The proposal also says companies that emit greenhouse gases should be protected from lawsuits over their contribution to climate change.

Michael B. Gerrard, the director of the Sabin Center for Climate Change Law at Columbia Law School and an expert on climate litigation, said there had been four suits brought against energy companies over climate change, including one brought by the eroding Arctic coastal town of Kivalina, Alaska. "None of those has gotten very far," Mr. Gerrard said, but "there continues to be talk of more."

Mr. Gerrard added, "If a sufficiently high carbon tax were imposed, it could accomplish a lot more for fighting climate change than liability suits."

The Climate Leadership Council's plan sets an initial tax of $40 per ton of carbon dioxide produced, which would add 36 cents to the cost of each gallon of gasoline sold. The group estimates the tax would raise more than $200 billion a year, and the rate would rise over time, dampening demand for fossil fuels. The average family of four would receive approximately $2,000 in the first year as a carbon dividend, the group says.

A tax-and-dividend plan would cut American carbon pollution even as the Trump administration withdraws from the Paris climate accord, the group says.

Exxon has said for years that it supports a carbon tax, at least in the abstract, but the company had never formally endorsed a proposal.
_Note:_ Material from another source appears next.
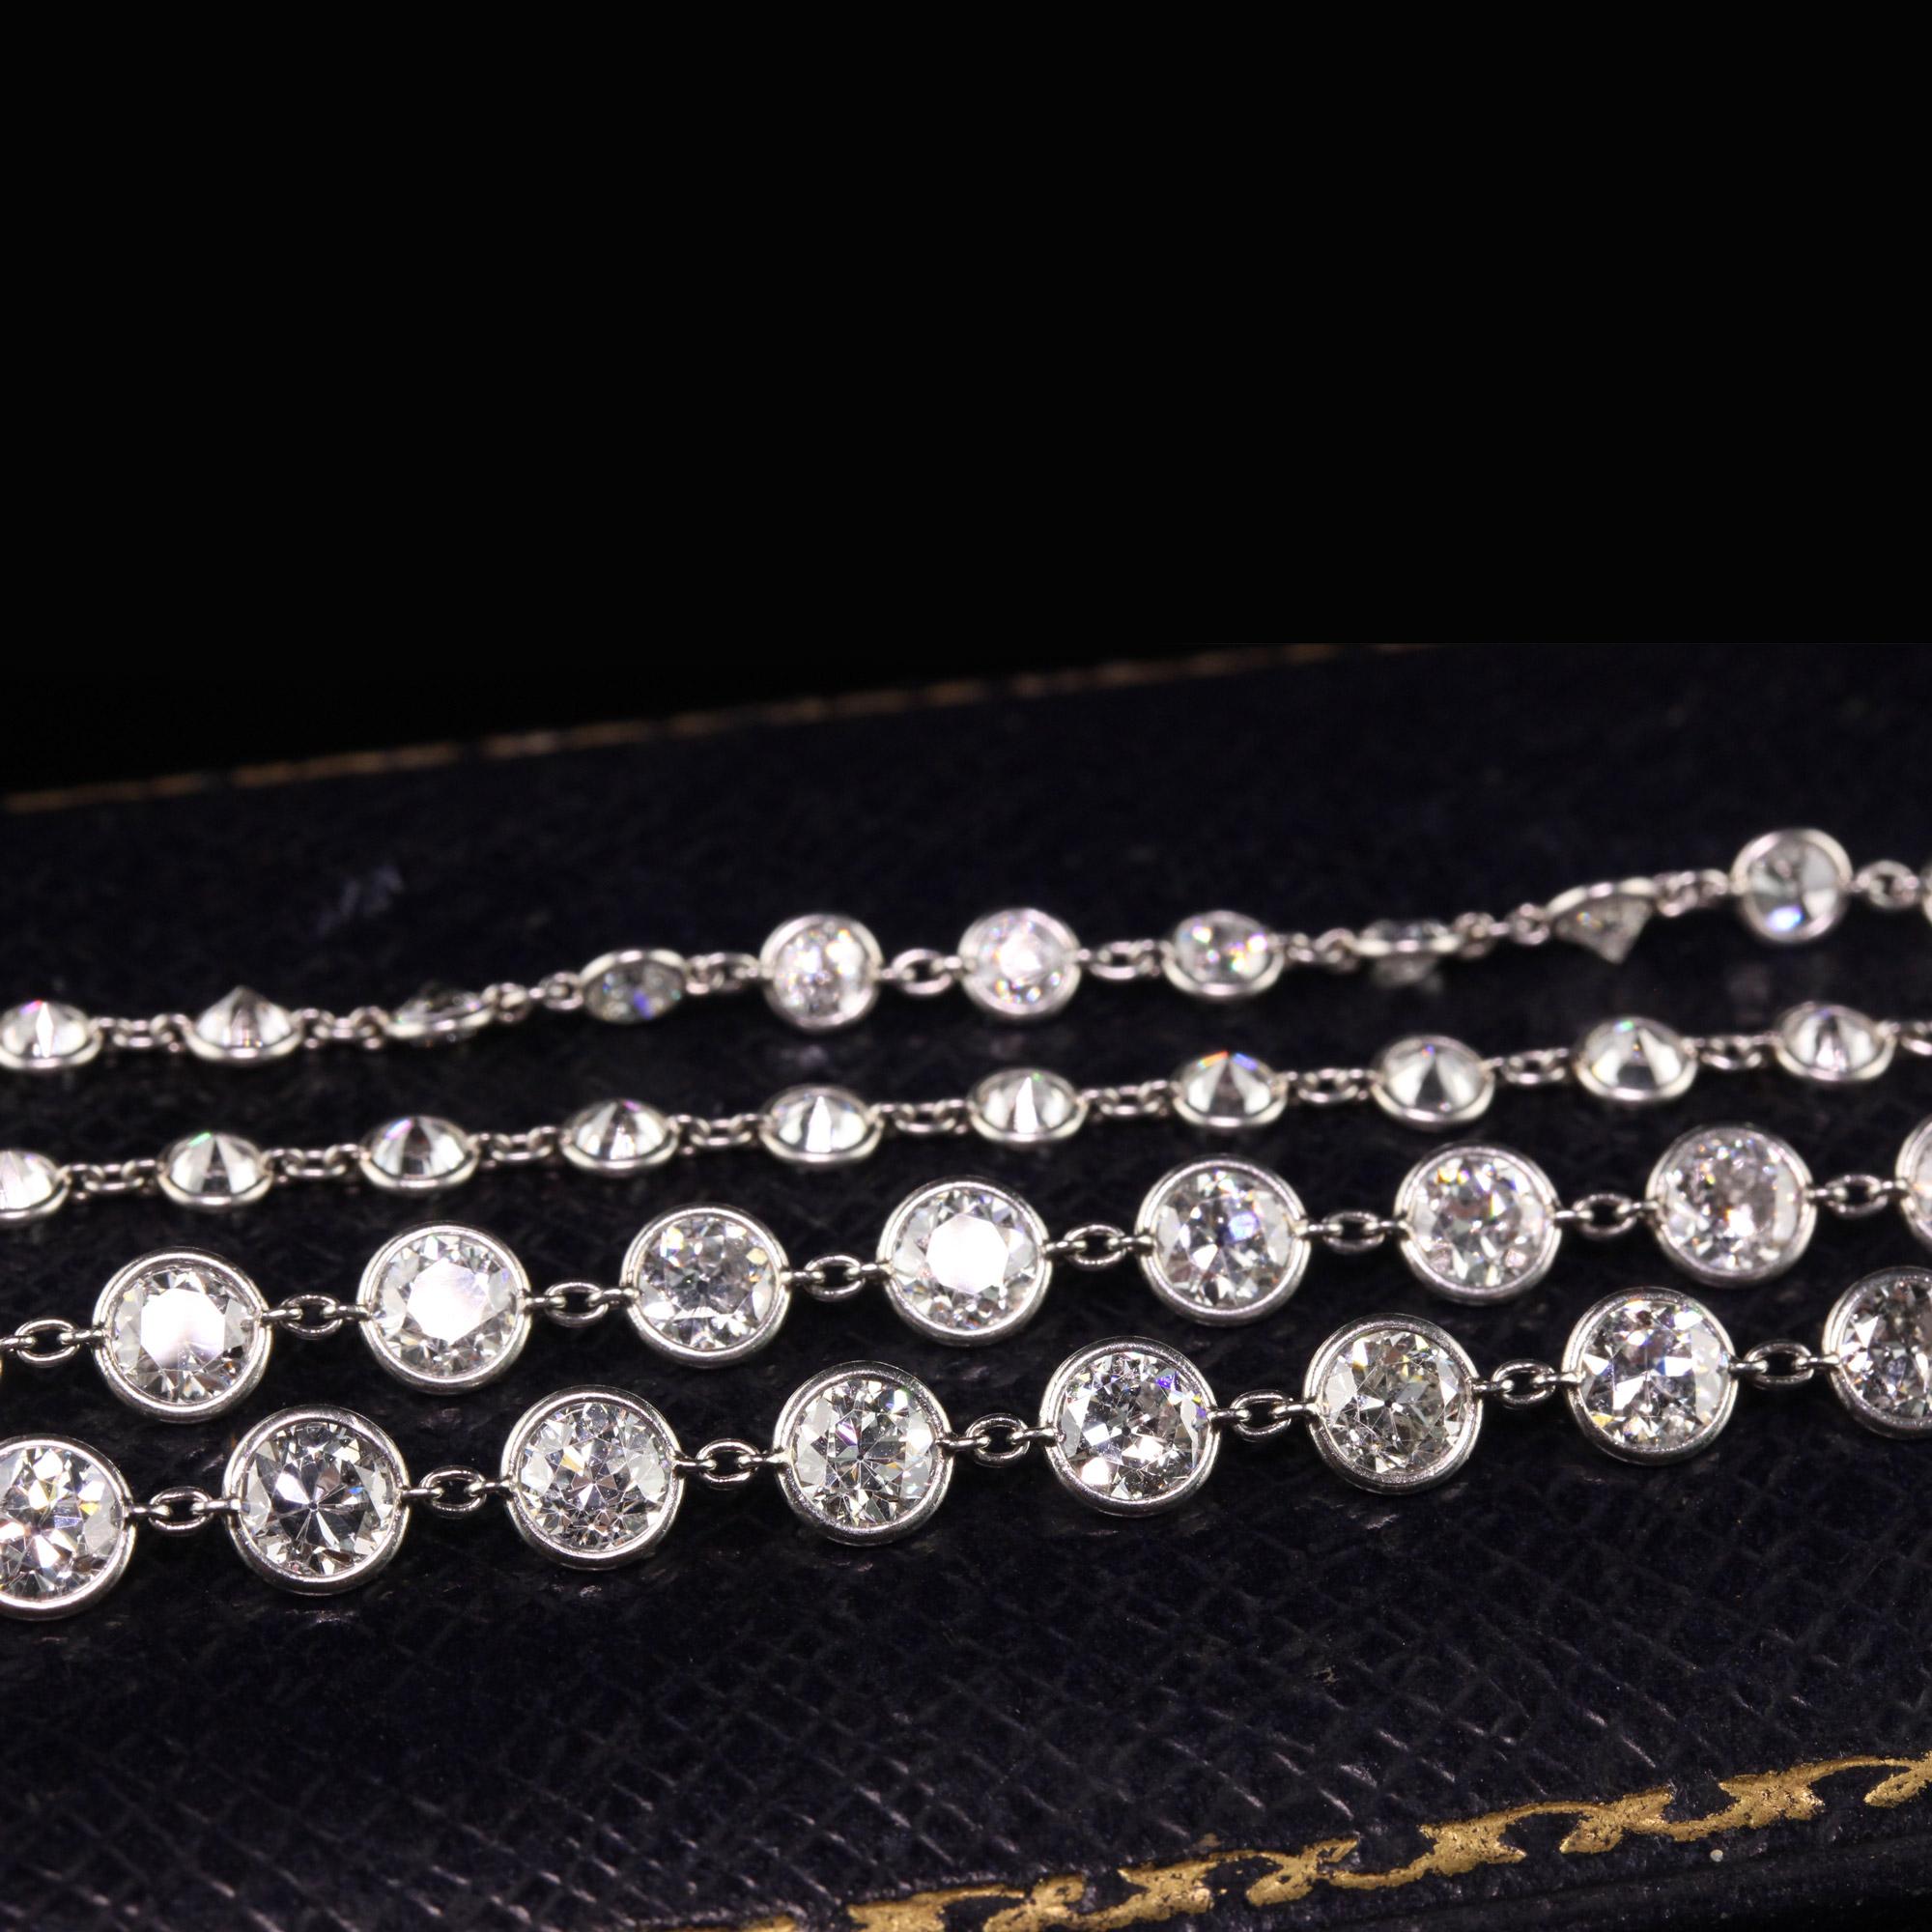 Antique Art Deco Platinum Graduated Old European Diamonds by the Yard Necklace In Good Condition For Sale In Great Neck, NY

In 2009, the company's chief executive, Rex W. Tillerson, who is now secretary of state, called carbon taxes "a more direct, a more transparent and a more effective approach" than a cap-and-trade proposal Congress was considering at the time.
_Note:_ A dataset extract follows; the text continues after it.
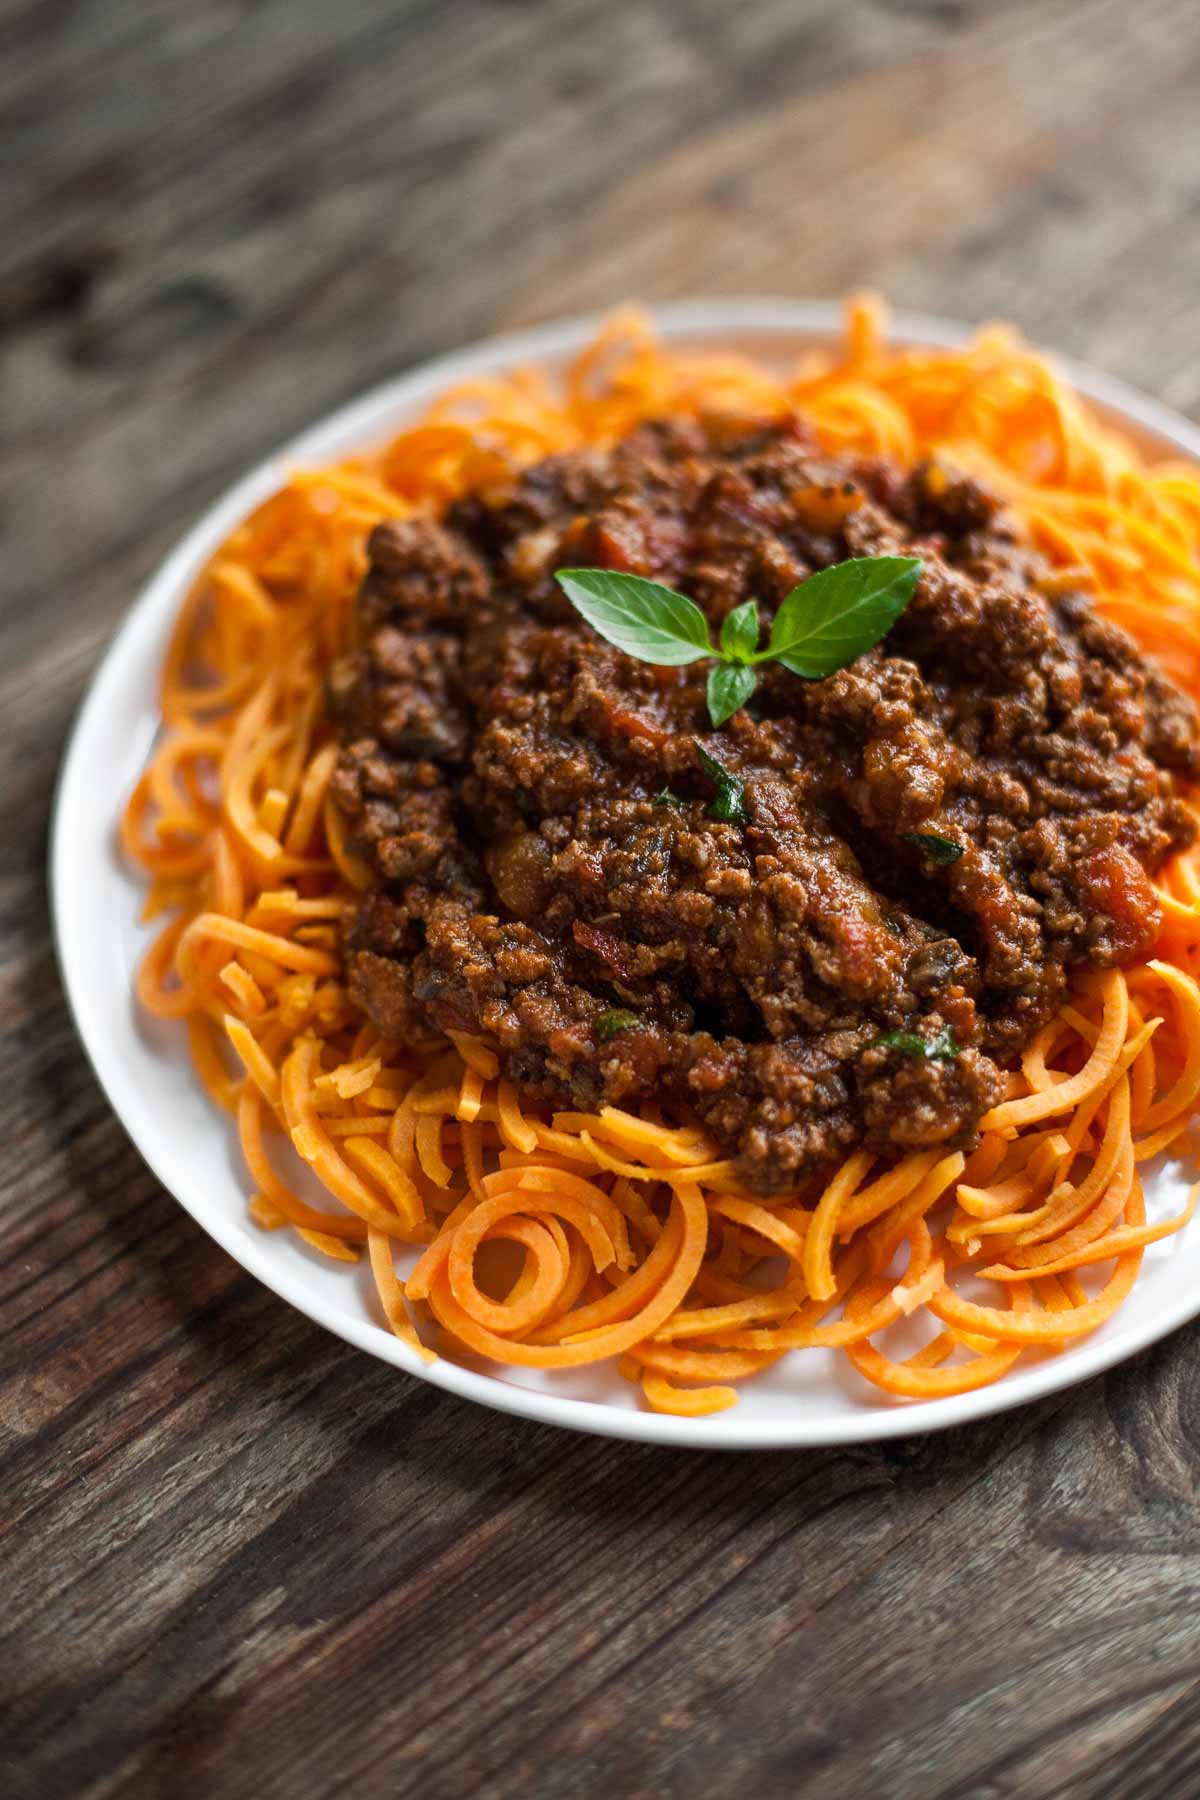 Top 15 Paleo Recipes of 2015--Slow-Cooked Bolognese Sauce with Sweet Potato Spaghetti (Whole30) | acalculatedwhisk.com

In a statement, the current chief executive of Exxon Mobil, Darren W. Woods, said the company was "encouraged" by the climate group's proposal, which "aligns closely with our longstanding principles." A company spokesman said the liability component of the plan was not part of the company's decision to endorse it.

Along with the oil companies, the corporate backers include Johnson & Johnson, Unilever and Procter & Gamble. Ted Halstead, the chief executive of the Climate Leadership Council, said the group did not accept corporate contributions.

Environmental organizations, including the Nature Conservancy and the World Resources Institute, are also endorsing the plan. Individual supporters include the theoretical physicist Stephen Hawking; Steven Chu, a secretary of energy under President Barack Obama; Michael R. Bloomberg, the former New York mayor; and the Indian industrialist Ratan Tata.

The plan's Republican authors include James A. Baker III and George P. Shultz, both former secretaries of state, and Henry M. Paulson Jr., a former secretary of the Treasury.

But Mr. Halstead said the council had "moved a little more to the center," adding new leaders like Lawrence H. Summers, a secretary of the Treasury under President Bill Clinton, and Laurene Powell Jobs, a philanthropist and the widow of the Apple founder Steve Jobs.

"For this to pass, it will have to pass on a bipartisan basis," Mr. Halstead said.

Mr. Summers said the chances that Congress would pass a carbon tax in the near future were low. But, he said, "there is a reasonable shot that there will be an opening that will be taken in the next several years," especially because the dividends could benefit low-income Americans.

"It's hard to argue against a fuel tax that Exxon's in favor of," he said.